Generating 3D assets using AI
Imagine creating 3D assets using AI. In this article, we review the first AI models that make this possible and compare commercial and open-source options.
Generative AI is at the forefront of a remarkable technological revolution today. Since the introduction of the groundbreaking Transformer paper by Google researchers in 2017, the tech community has recognized the transformative potential of AI. However, it wasn’t until OpenAI’s release of the now-famous ChatGPT, on November 30, 2022, that the world truly began to grasp the profound impact AI will have on the future. As a result, the number of companies and technology labs investing in AI has been steadily increasing year by year.
Large Language Models (LLMs) emerged first, laying the groundwork for the development of more complex multimodal models. One area where this evolution has had a significant impact is the audiovisual sector. Multimodal models capable of combining text and images, known as Vision-Language Models (VLMs), have since been introduced. The audiovisual revolution gained momentum with the announcement of CLIP and DALL-E by OpenAI in 2021. DALL-E, which uses a variant of the GPT-3 architecture to generate images, marked a pivotal moment. The year 2022 saw a surge in AI advancements, with companies like MidJourney and Stability AI releasing their own AI models for image generation.
Following the success of image generation models, the first AI models for audio and music creation emerged, such as Google Research’s AudioML and MusicML. In 2023, tools like Suno and Udio pushed the boundaries further, becoming state-of-the-art in AI-driven audio creation, capable of generating complex soundtracks and music across various genres.
In February 2024, OpenAI announced SORA, a new video generation model that, while not the first of its kind, represented a significant leap forward in the field. The year 2024 has been particularly fruitful for AI, with the release of various tools such as Runway, Dream Machine, and Kling, among others.
As video generation becomes increasingly viable, the next frontier appears to be the generation of 3D assets using AI. This year has seen the introduction of the first AI models for 3D asset creation, including TripoAI, Meshy, Genie, and CSM.
TripoAI, Meshy, and CSM offer web-based services for users, as well as REST APIs for developers to integrate these services into external tools. These platforms typically operate on a credit-based system, where users purchase credits that are consumed with each generation. In contrast, Genie, developed by Luma Labs, was launched in an alpha version and is currently free to use.
The following table provides a comparison of the AI services for 3D generation mentioned below:
These AI models enable the generation of 3D assets from text or images, producing both geometry and textures. However, the quality and fidelity of the results vary between models. Additionally, some of these models offer extra features, such as generating PBR textures for the assets or rigging and animating the 3D models.
To evaluate the capabilities of these AI models, the Plain Concepts Research team has created a test batch for comparison, which you can see below.
First, we compare the commercial AI models for 3D generation using a text input.
Tag | Prompt |
Person | A person in a black official suit, red tie, highly detailed, ultra-realistic, A-pose |
Animal | Realistic horse |
Object | Gorgeous chair with blue cloth and wooden armrests |
Food | Photorealistic, high-quality hamburger with detailed textures |
Fantasy | Noisy goblin |
In the second test, we compare the AI models using an image input. The images for this test were generated using Flux (the new AI model for image generation AI model from Black Forest Lab).
Note. Genie (The AI model from Luma Labs) does not appear in the comparison because it currently lacks the image-to-3D feature.
On the other hand, there are also open-source AI models that can be run on local machines.
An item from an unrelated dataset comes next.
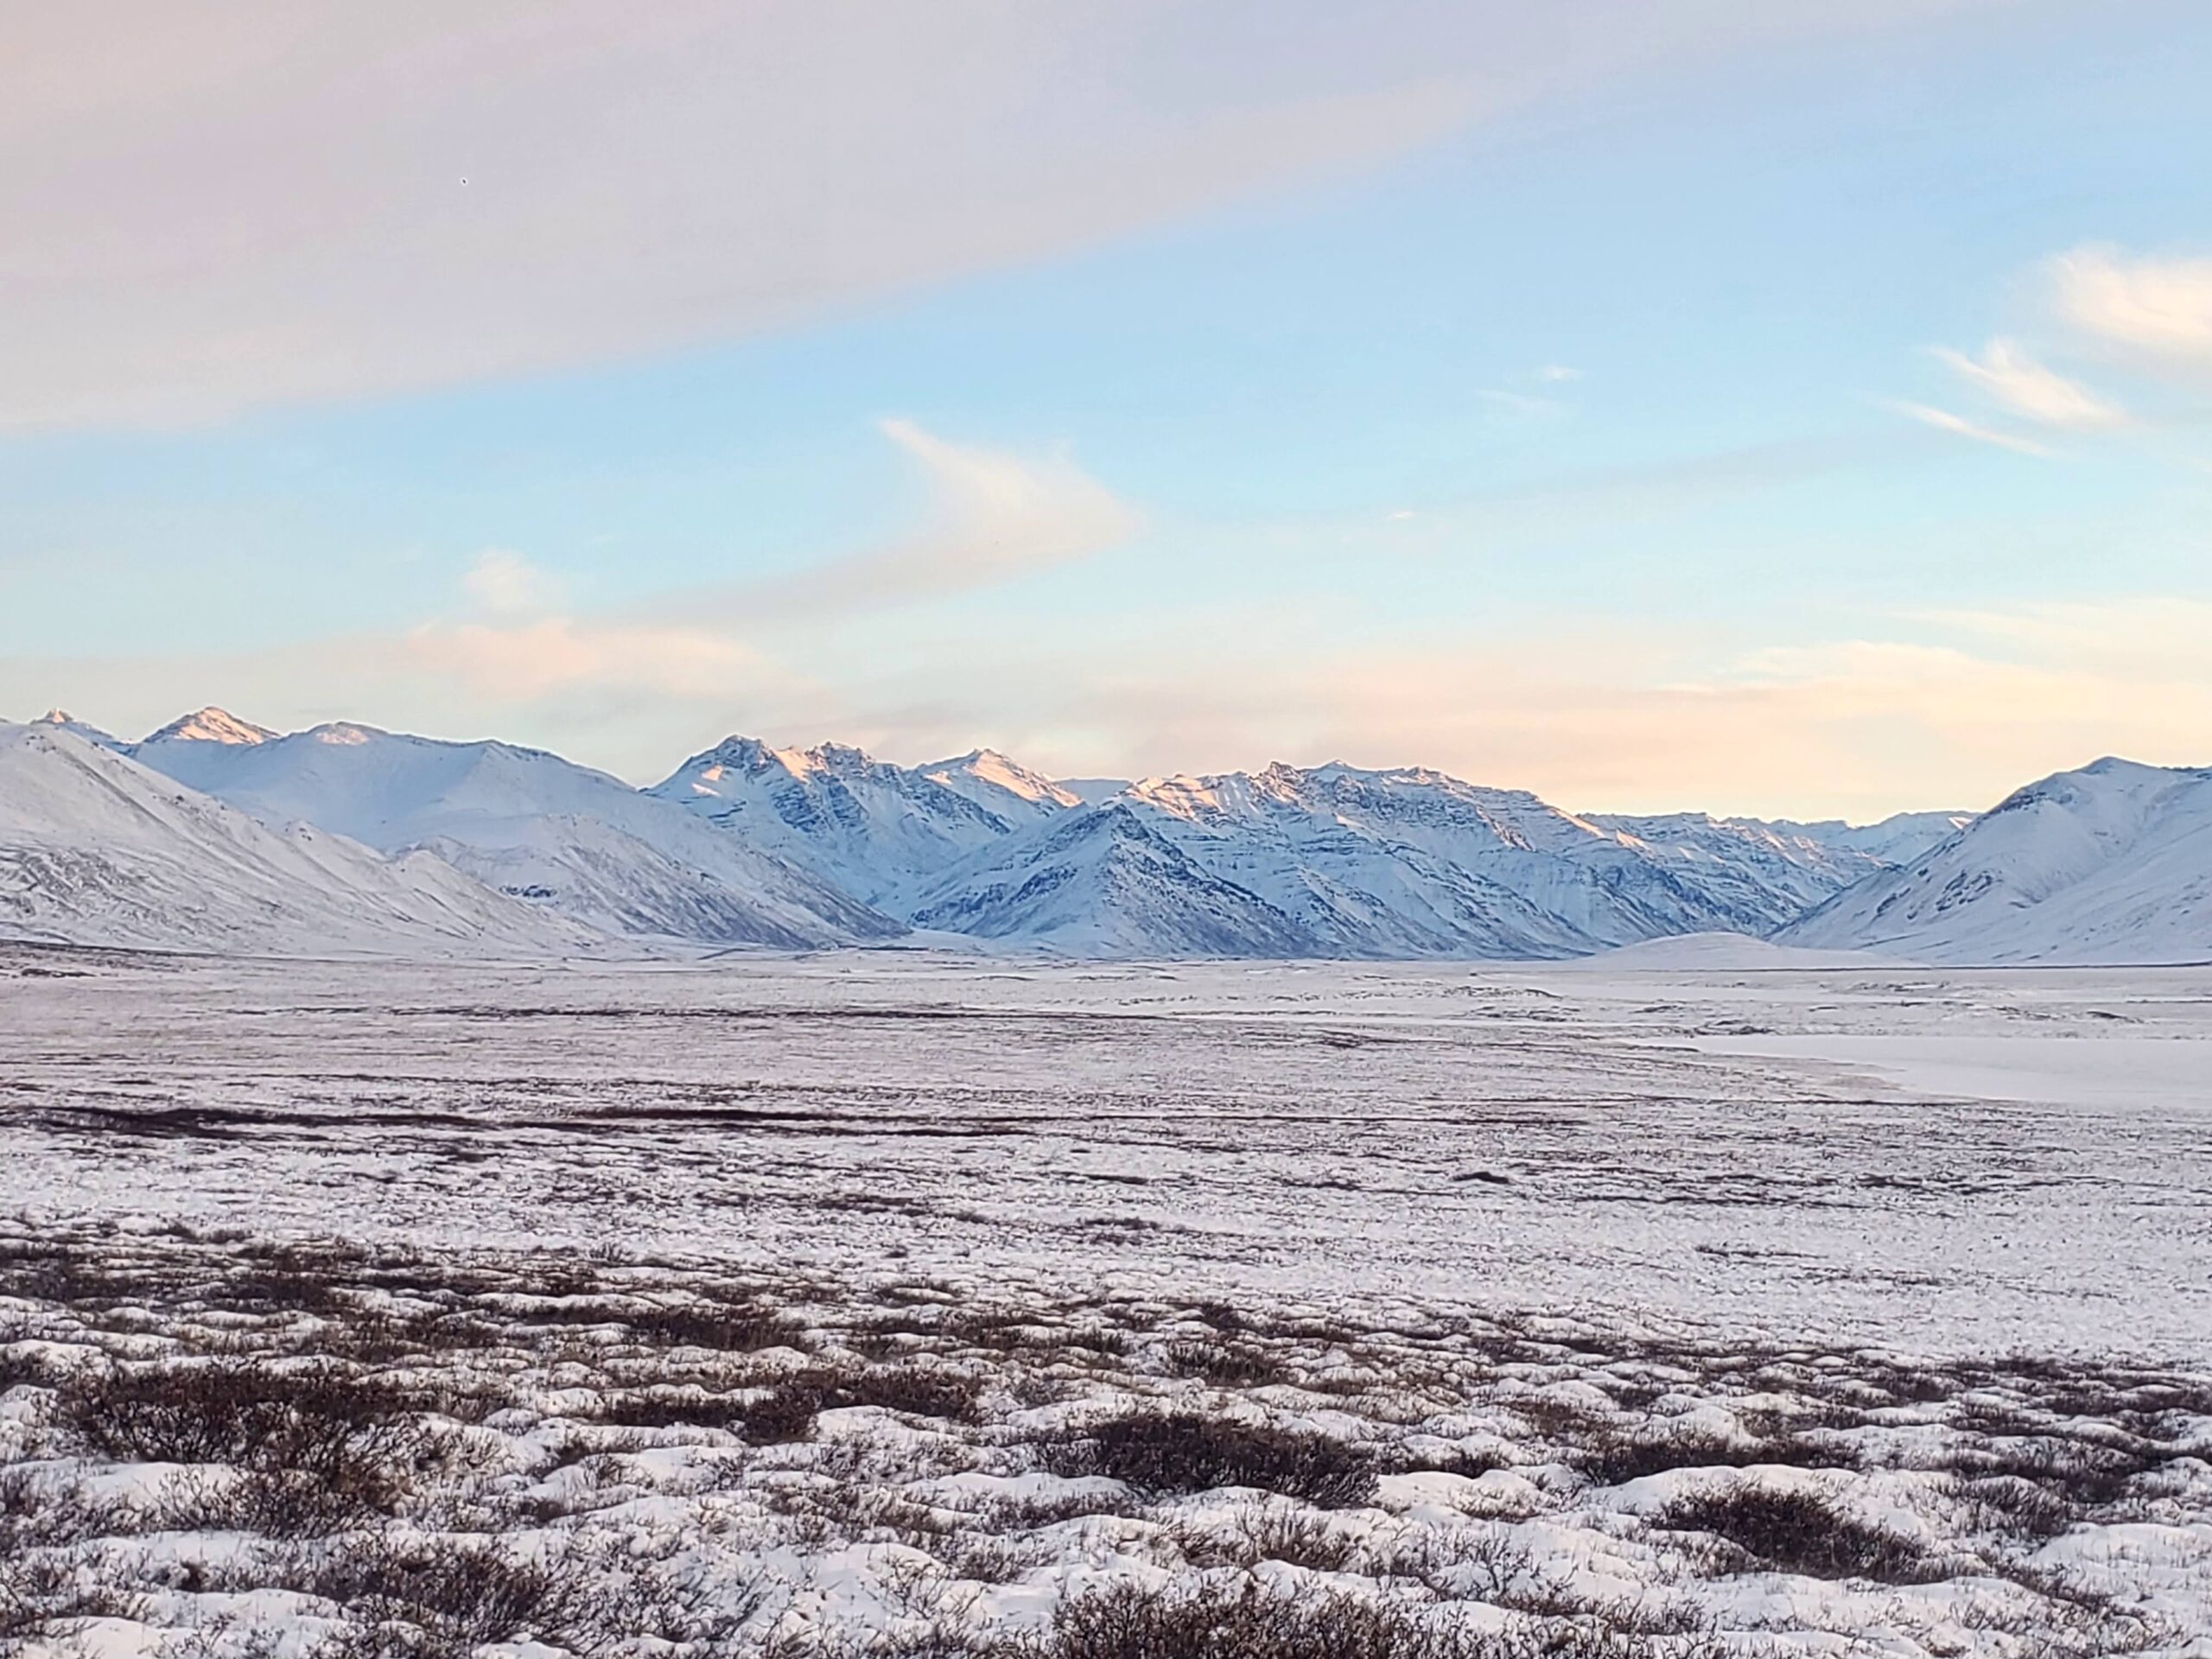 Brooks Range on the North Slope of Alaska

Some of the most notable are TripoSR, CRM, InstantMesh, or SF3D. These models are particularly valuable because they allow you to experiment, refine, and enhance them, and integrate them into your tools without relying on external services.
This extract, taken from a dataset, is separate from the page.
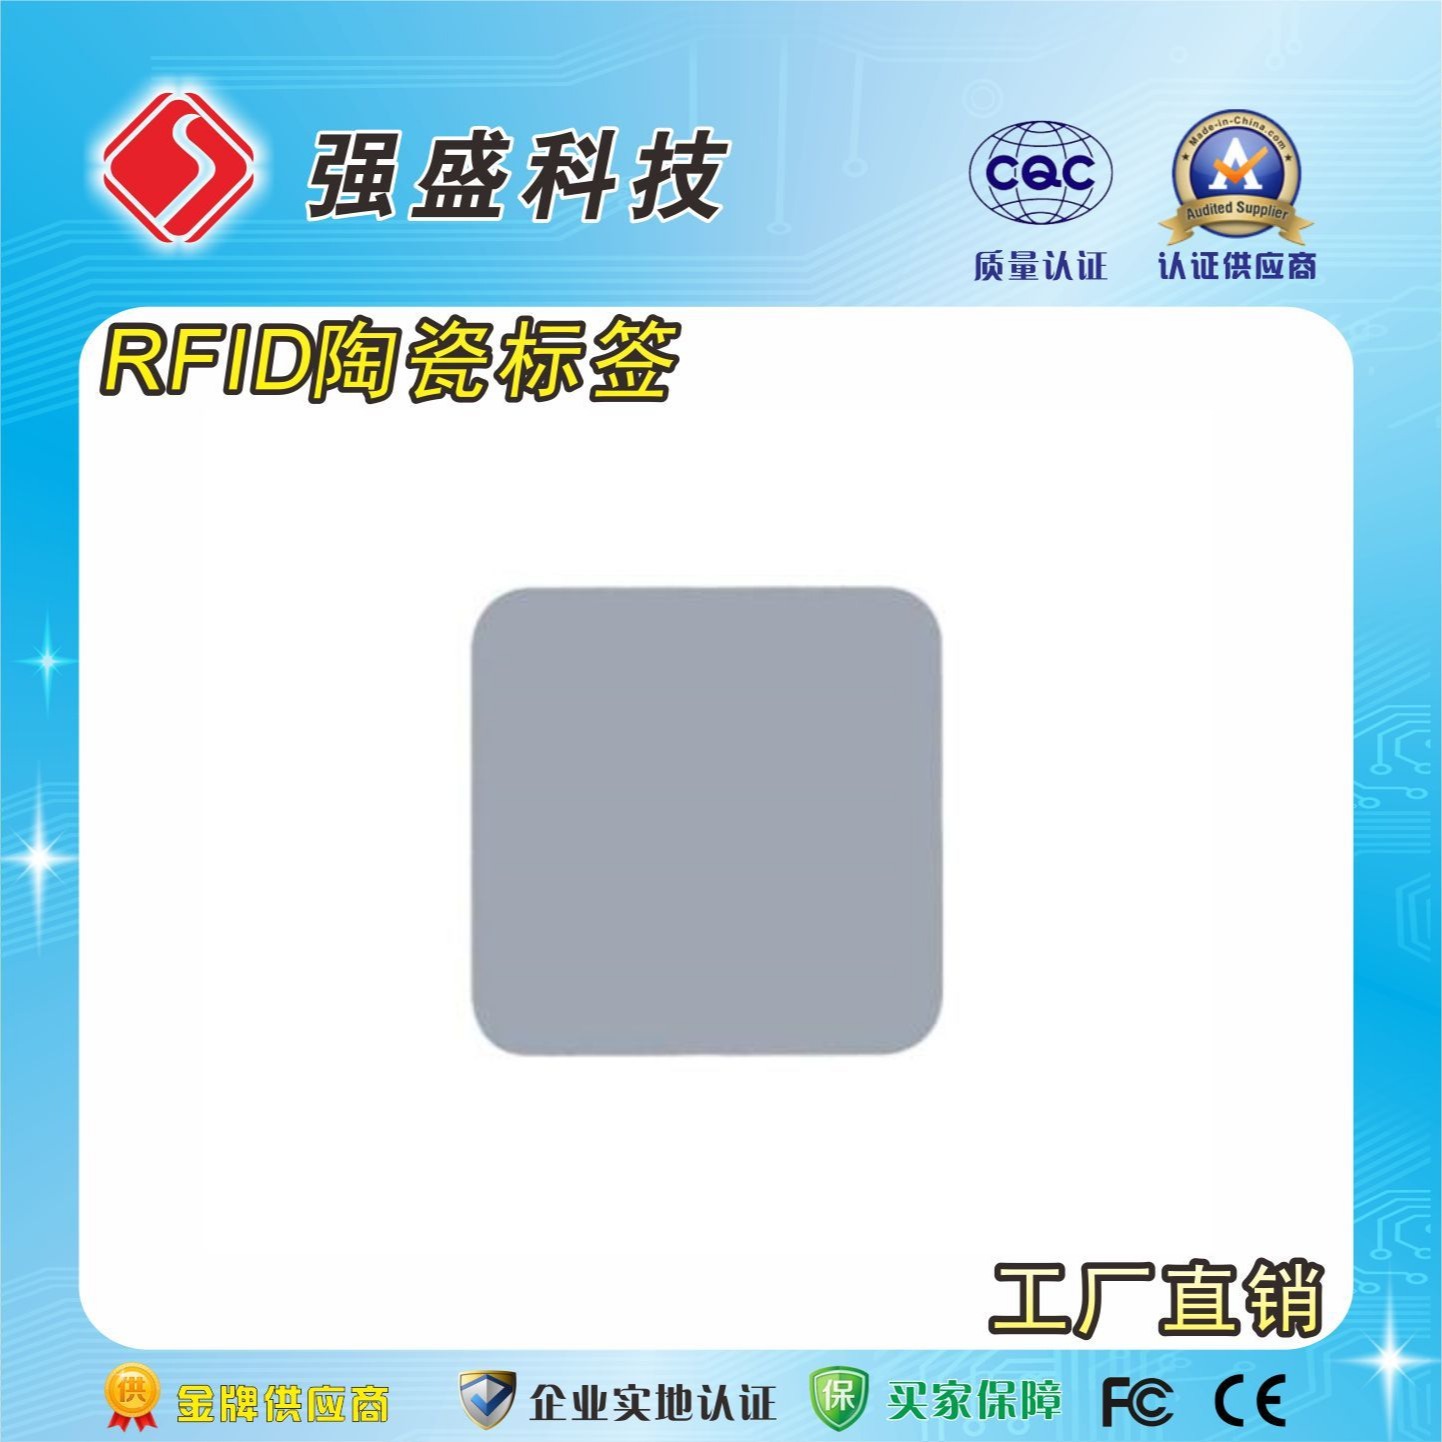 供应超高频RFID陶瓷标签 抗金属陶瓷标签 金属托盘管理标签

To evaluate these models, we are recreating the same test batch used earlier with the commercial models.
Additionally, Meta recently introduced a new 3D generation model called Assets3DGen, which shows great promise with its high-quality results. This model supports text-to-3D, image-to-3D, and even PBR materials creation. Although Meta announced the project as open source, the source code has not been made public yet, so we are unable to include it in our comparison test at this time. We are staying tuned for updates in the coming months, but in the meantime, we shared the announcement video for Assets3DGen.
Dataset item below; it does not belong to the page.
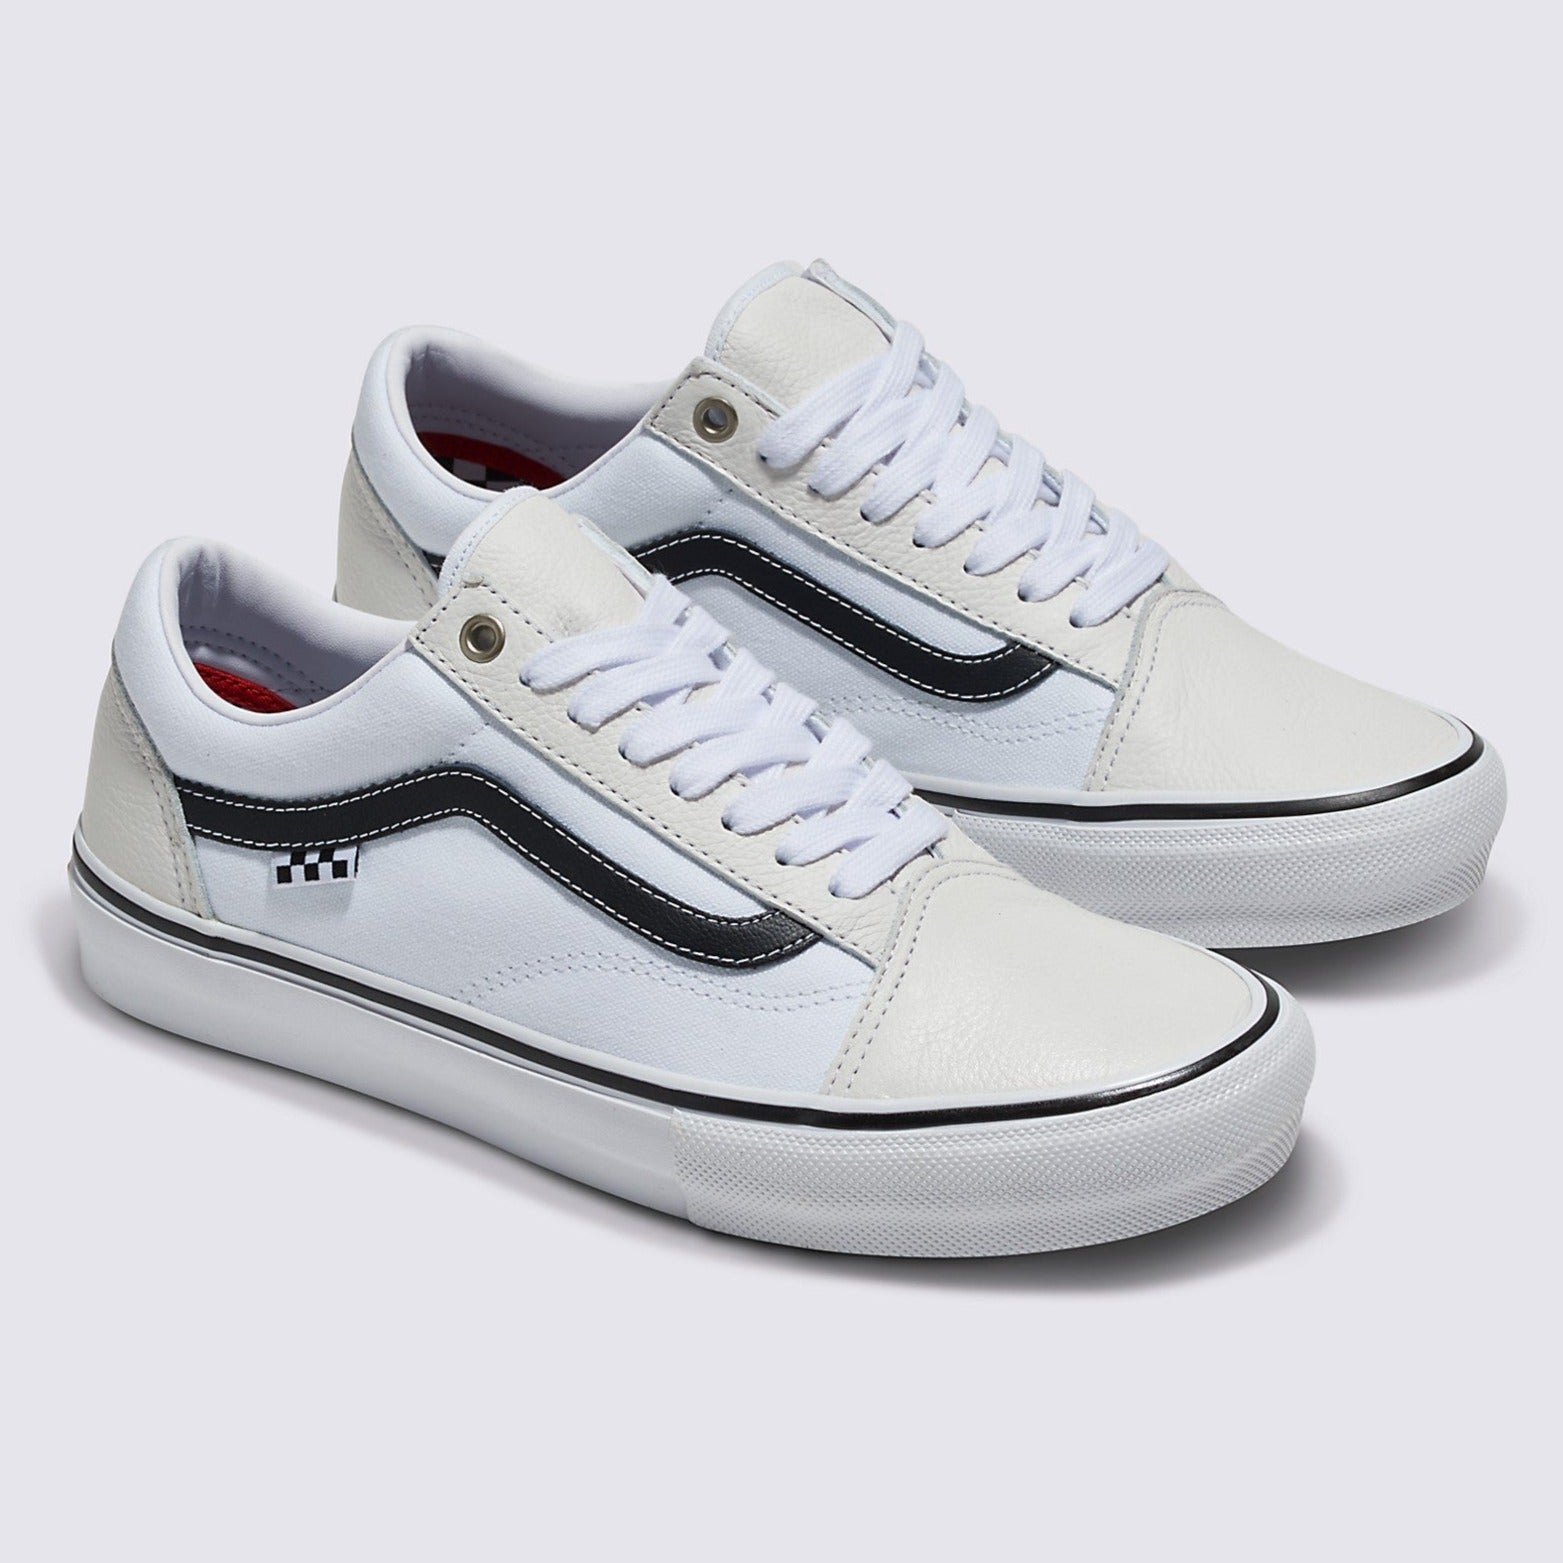 White/White Leather Skate Old Skool Vans Shoes

Finally, as part of our commitment to working with cutting-edge technology and providing our clients with the best solutions, the Plain Concepts Research team is developing an experimental tool for generating 3D assets using AI models. This tool is built on TripoAI services and Evergine, a powerful industrial graphics engine developed by Plain Concepts. The result is DonatelloAI, a tool that allows users to:
- Text to 3D
- Image or Sketch to 3D
- AutoRig and animating generated models
- Stylization
- Optimized models and export to multiple formats GLTF, USDZ, FBX, OBJ, STL.
- Model Gallery
- Compose large scenes with generated models
This experimental tool is available in the following repository, and anyone can test it on their local machine by downloading the tool from here:
This is just the beginning. In a few years, creatives will have access to powerful new tools that will enable them to push boundaries even further. At Plain Concepts, we are excited to join media companies on this journey toward the next leap forward.